Wolverhampton in the 1970s staggered along with rising unemployment and seemed to me to possess an underlying threat of violence. The place was suffering – economic death by a thousand cuts – and by the time the Tories came to power in 1979, hell-bent on changing the social and economic outlook of the once-great industrial heartlands of the Black Country, most of northern Britain was finished; the collapse of the industrial working class and the north–south divide of Thatcherism had well and truly begun.
As a six- and seven-year-old, I’d watch the news of factories shutting, car plants closing, the oil crisis and the first miners’ strikes.
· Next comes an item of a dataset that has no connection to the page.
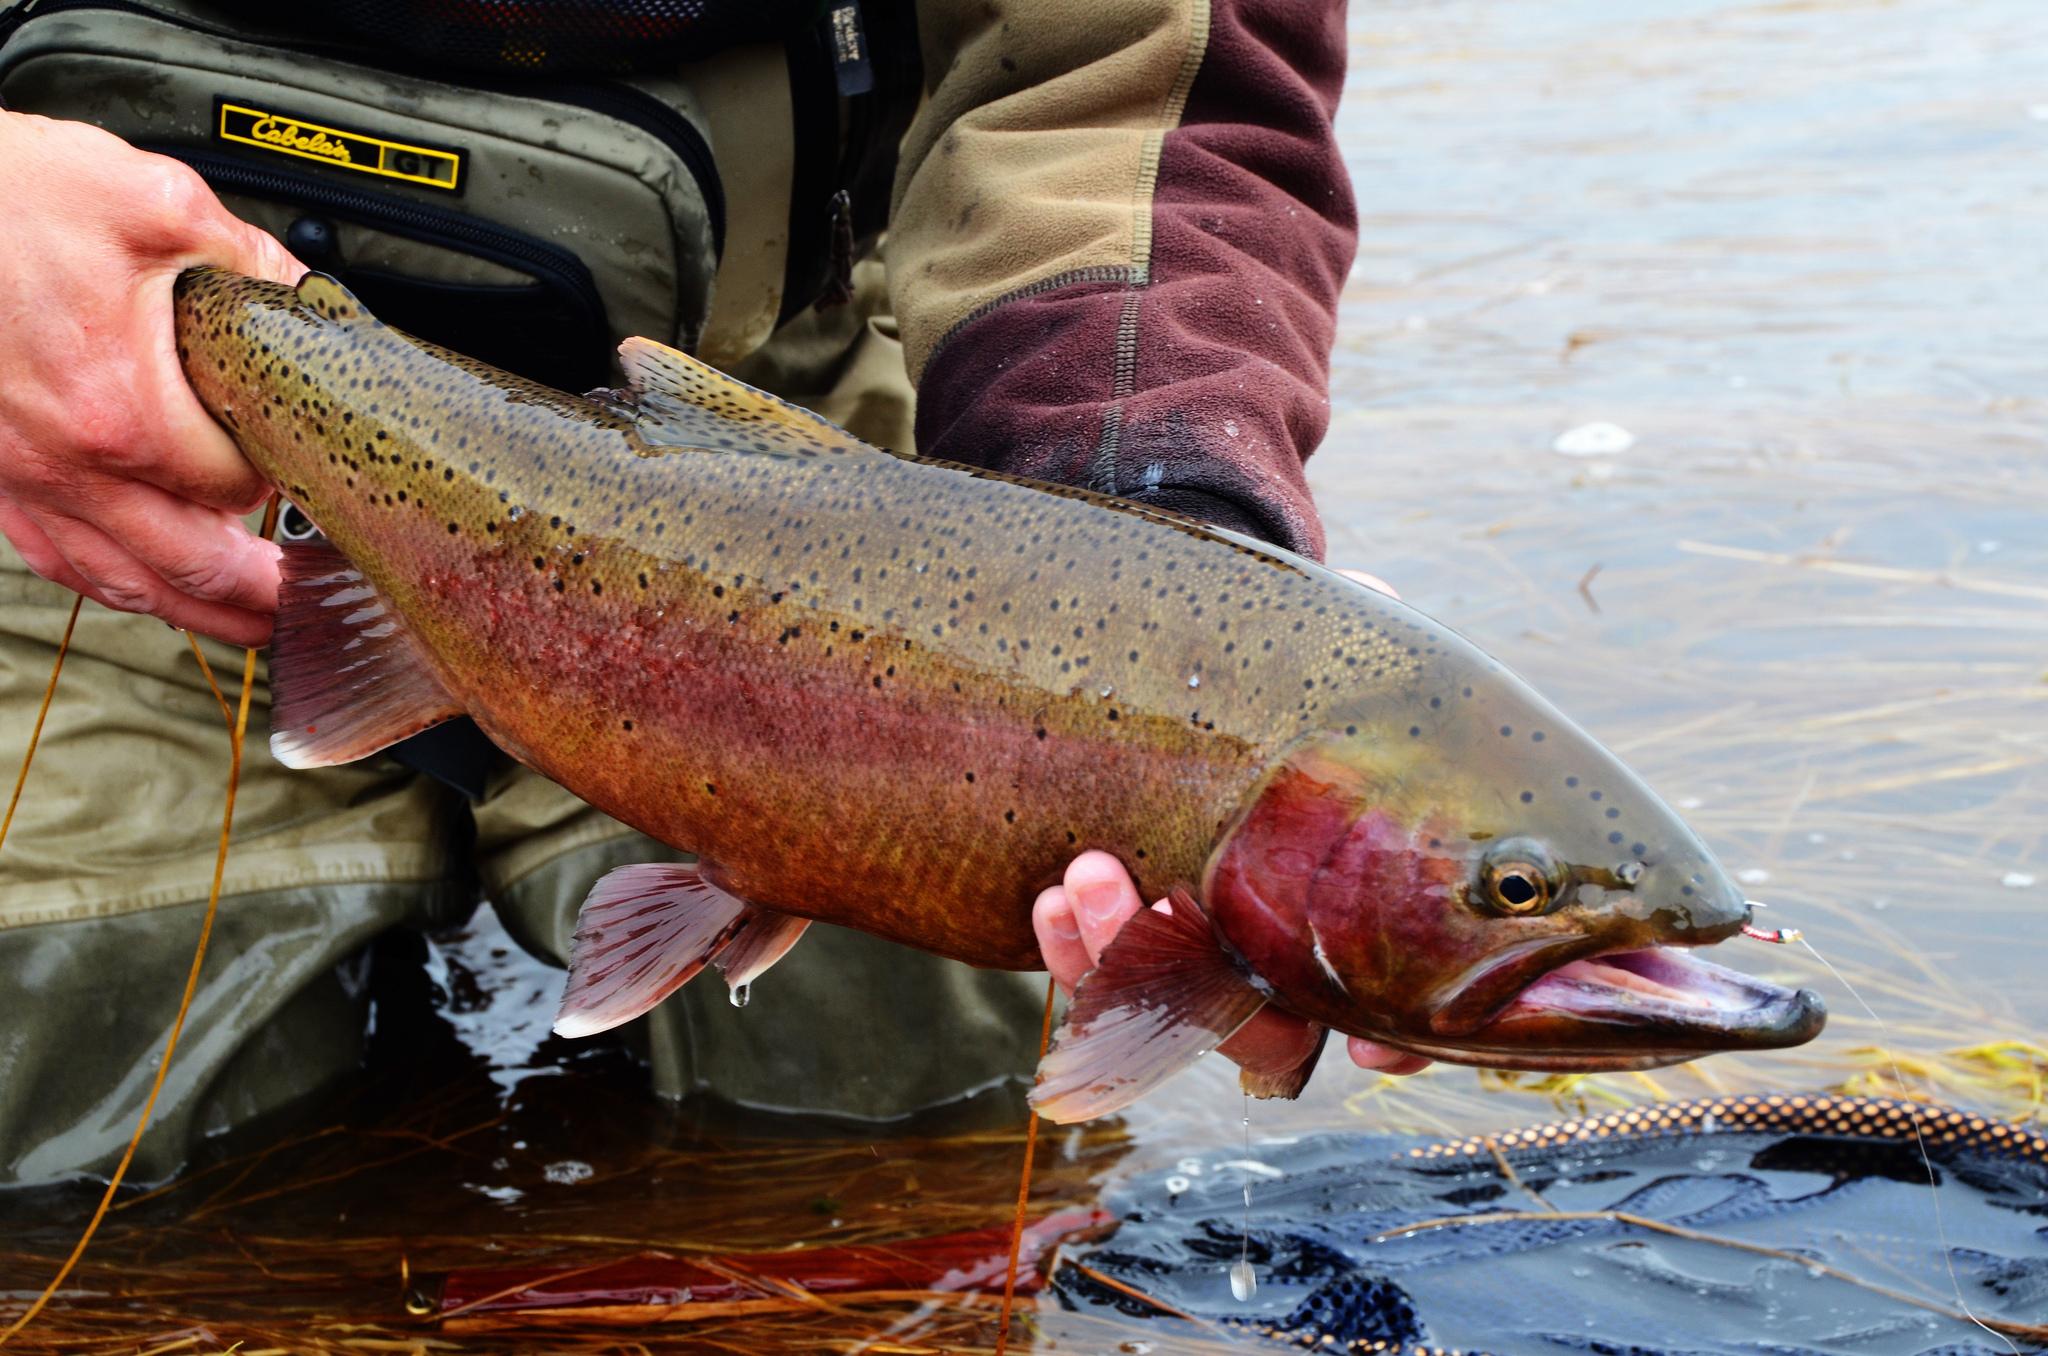 pesca sin muerte, río, tramos sin muerte, catch and release, captura y suelta

Even at that age I was aware that this wasn’t business as usual, but it didn’t give me sleepless nights. I was too busy with my newfound love of sport. Whether it was football, rugby or cricket, it all came fairly easy to me, and I guess that sport was also an enjoyable release from overly zealous, annoying teachers. Football was my obsession; morning, noon and evening I’d be out in our road, in the park, or driving my parents mad, hammering the ball against the garage door. Slightly introverted and on the shy side, I was wary of people until I got to know them, and was not much of a conversationalist. Instead, I lost myself in sport and my other passion – music.
Later on I captained the school football team and played for the area and district teams. Football was my life. Aged 14, I was lucky enough to have trials with my hometown club, Wolverhampton Wanderers. I’d been training in their youth set-up and had been on a couple of tours with them, including a memorable trip down to London where we played the borough of Hackney, coincidentally my home for the past 16 years. We had stones and bricks thrown at us from the touchline, and the match was suddenly called off after 30 minutes.
I didn’t make the grade for Wolves. I remember the coach coming round to my house, sitting me down in front of my mum to break the upsetting news. It hit me hard, the first time I’d failed at something.
But my childhood was happy for the most part, except for losing both my maternal grandparents at the end of the decade, my grandfather dying six months to the day after his wife; married at 18, they’d been together for over half a century before both bowing out at three score years and ten. I was particularly close to my cousin Stephen. Four years older than me, he was cool, played the guitar and was into New Romantic bands, particularly David Sylvian and his group Japan. I didn’t see him as much as I’d have liked, and by the time he reached 18 I’m sure he didn’t want to be seen hanging round with this spotty 14-year-old with braces.
It was the hot summer of 1982 and the World Cup on the telly when the phone rang. Dad answered. It was a friend of my Uncle Brian, telling him that Stephen had been found dead in his car. In shock, we assumed he’d been in a car crash, but in fact he’d had a massive heart attack and a friend had discovered him slumped over the steering wheel with the horn blaring. Dead, and not yet out of his teens. The post-mortem revealed he had an enlarged heart muscle. I was devastated by his death, but of course I had to be as strong as I could for my aunt and uncle. I didn’t know how to process my feelings or communicate my grief, so I just bottled it up and allowed it to fester. It wasn’t really an era for discussing feelings – that wasn’t how things worked – and my whole family suffered in silence.
My parents would let me out of the house for hours at a time. I’d disappear up the local park, playing football, climbing trees, annoying the neighbours, staying out till dark; fish and chips every Saturday lunchtime, going to Woolworths to buy The Jam’s Sound Affects , my first LP – not ‘vinyl’, it was never called that, a modern term used by people who were never there in the first place; playing ‘knock and run’ … slowly I was tapping into a new sense of adventure as my body and confidence grew.
As I became older, this love of adventure – plus Simon Murray’s book, which had provoked my failed attempt to join the Legion – pushed me towards a life away from formal education. When I returned from Marseilles, the Navy looked like the next best option for an unconventional life – and I’d also heard that the Submarine Service paid well. Serving Queen and country never entered into it for me, as I was neither nationalistic nor a particular fan of the monarchy. The only people who ever talked about fighting for Queen and country were – and still are – feckless politicians who’d never done, nor ever would do, any of the fighting. Queen and country? One was outdated as an institution, the other past it as an idea. No, I wanted to do it for me.